Neutrophil recruitment into the bronchoalveolar space is central to the pathogenesis of acute respiratory distress syndrome injury (ARDS), and occurs via interaction with the lung microvascular endothelium. Tumour Necrosis Factor (TNF) is a key mediator in these processes, activating endothelial cells and inducing changes in microvascular permeability, as well as priming neutrophils (a pre-requisite for neutrophil-mediated tissue damage) and modulating neutrophil lifespan. TNF signals through two cell surface receptors, TNFR1 and TNFR2 initiating distinct signalling pathways and cellular responses. In a human in vivo model of ARDS, selective TNFR1 antagonism attenuated pulmonary inflammation (O’Kane et al, Thorax 2013; 63:A50). Using TNF receptor specific muteins and a novel highly selective TNFR1 antagonist, we investigated the role of differential TNFR signalling on neutrophil-pulmonary microvascular endothelial cell interactions.

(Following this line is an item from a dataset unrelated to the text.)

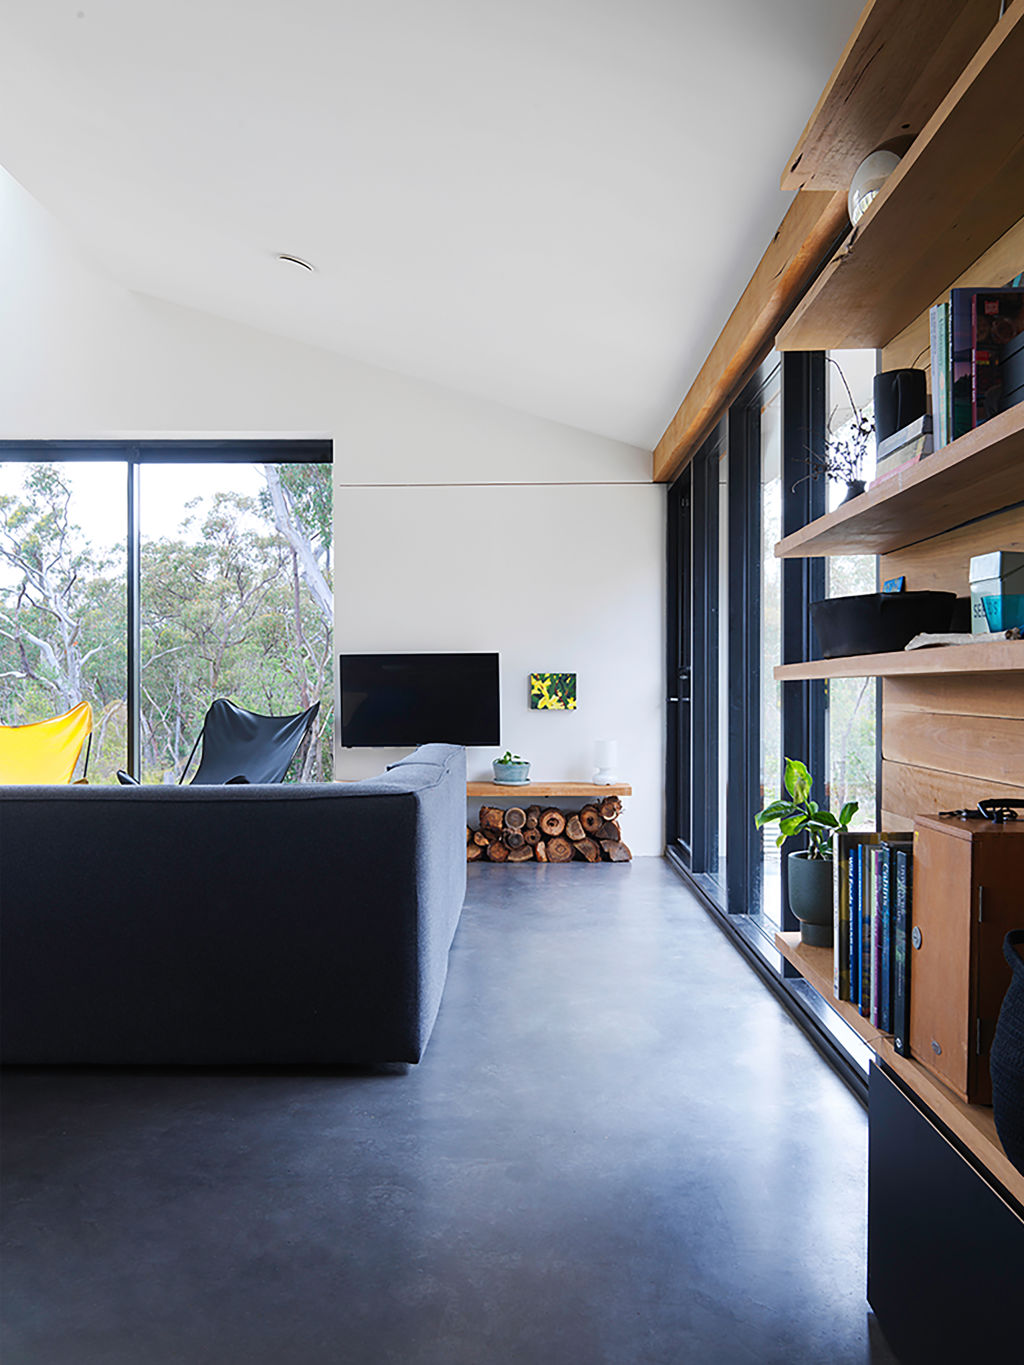 Studying the bushfire history of the region helped Anderson with his design. Photo: Nick Bowers.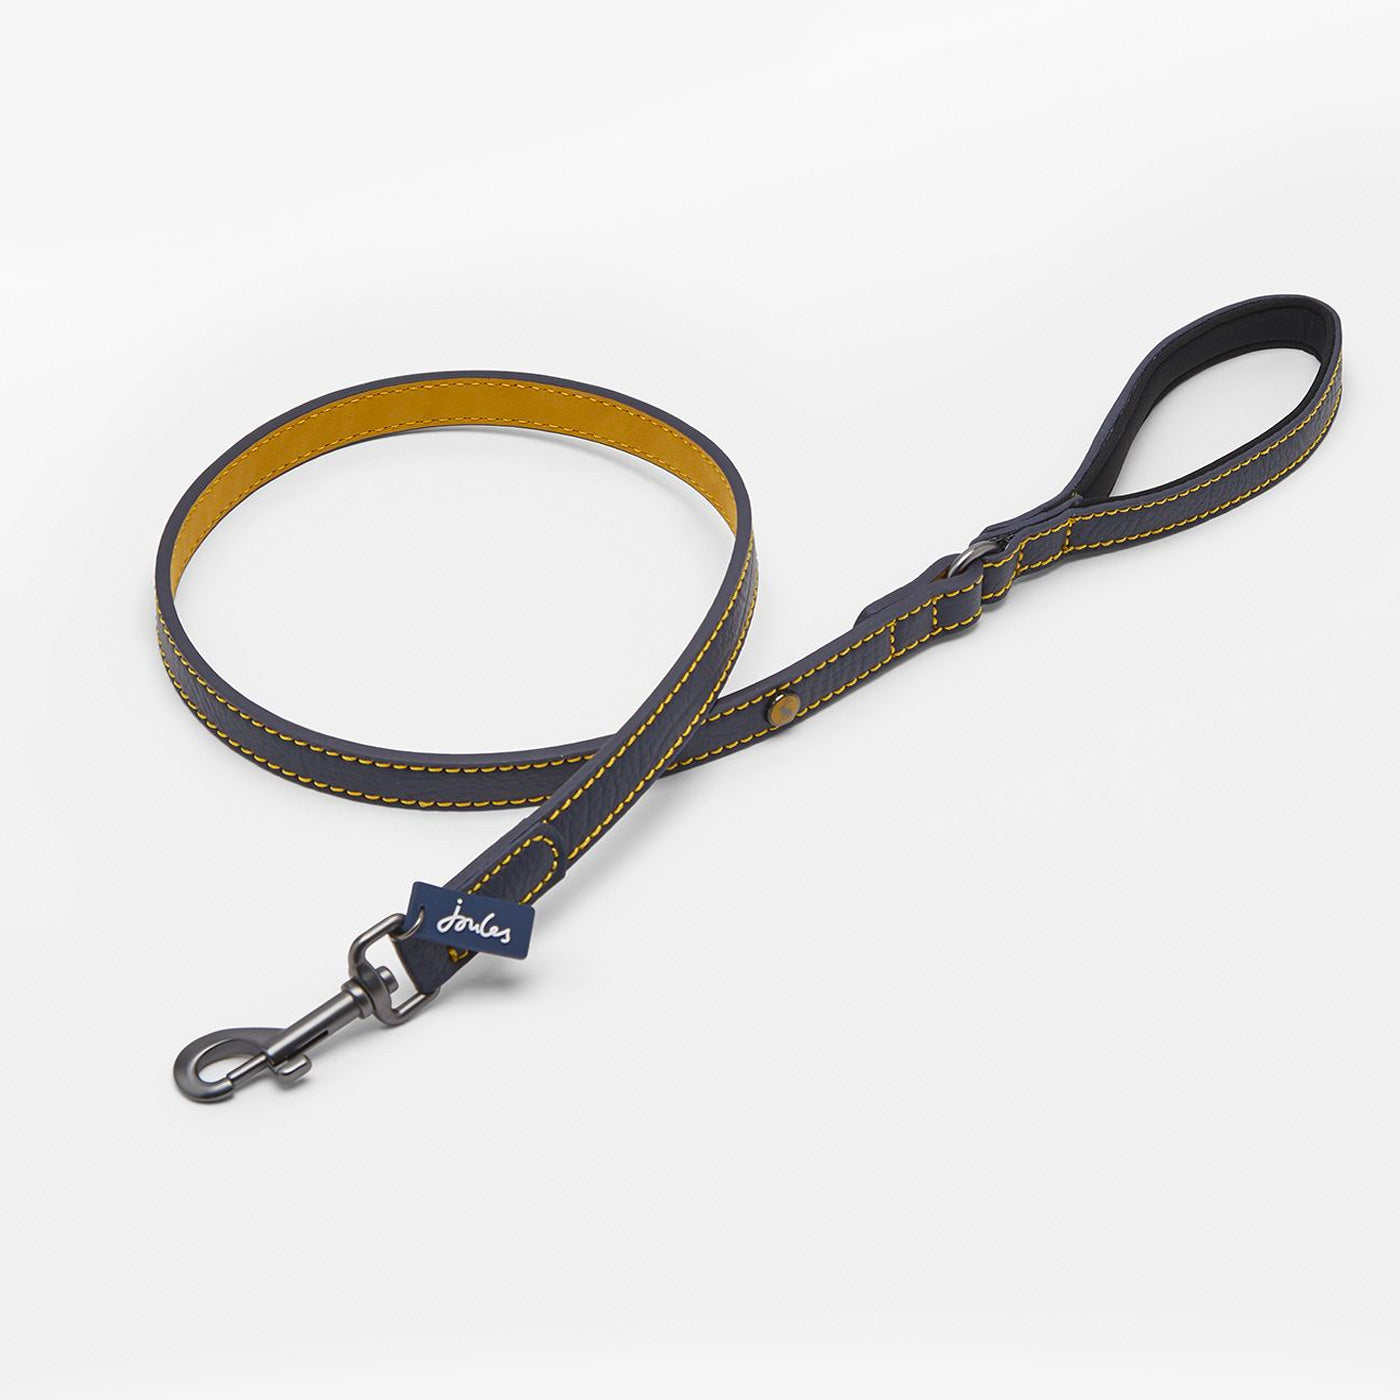 Joules navy leather dog lead full studio

TNF-induced alterations in the expression of the neutrophil cell surface molecules CD11b, CD62L, TNFR1 and TNFR2 were all modulated via TNFR1. TNFR1 was also the dominant receptor mediating reactive oxygen species generation by TNF-primed, fMLP-stimulated neutrophils. We further examined the role of TNF receptors in modulating neutrophil apoptosis; whilst engagement of both TNFR1 and 2 was required to induce early neutrophil apoptosis, TNFR1 antagonism reversed TNF-induced late survival to constitutive levels of apoptosis. TNFR1 antagonsim of human pulmonary microvascular endothelial monolayers significantly reduced TNF-induced production of IL-1beta, IL-6 and IL-8 (p < 0.05), endothelial permeability and the release of the endothelial injury markers sICAM-1, sVCAM-1 and sE-selectin (p
Collectively, these results suggest that TNFR1 regulates multiple components of neutrophil-endothelial interactions. Selective TNFR1 antagonism may offer a novel therapeutic approach in ARDS; phase II clinical trials of this therapy are scheduled.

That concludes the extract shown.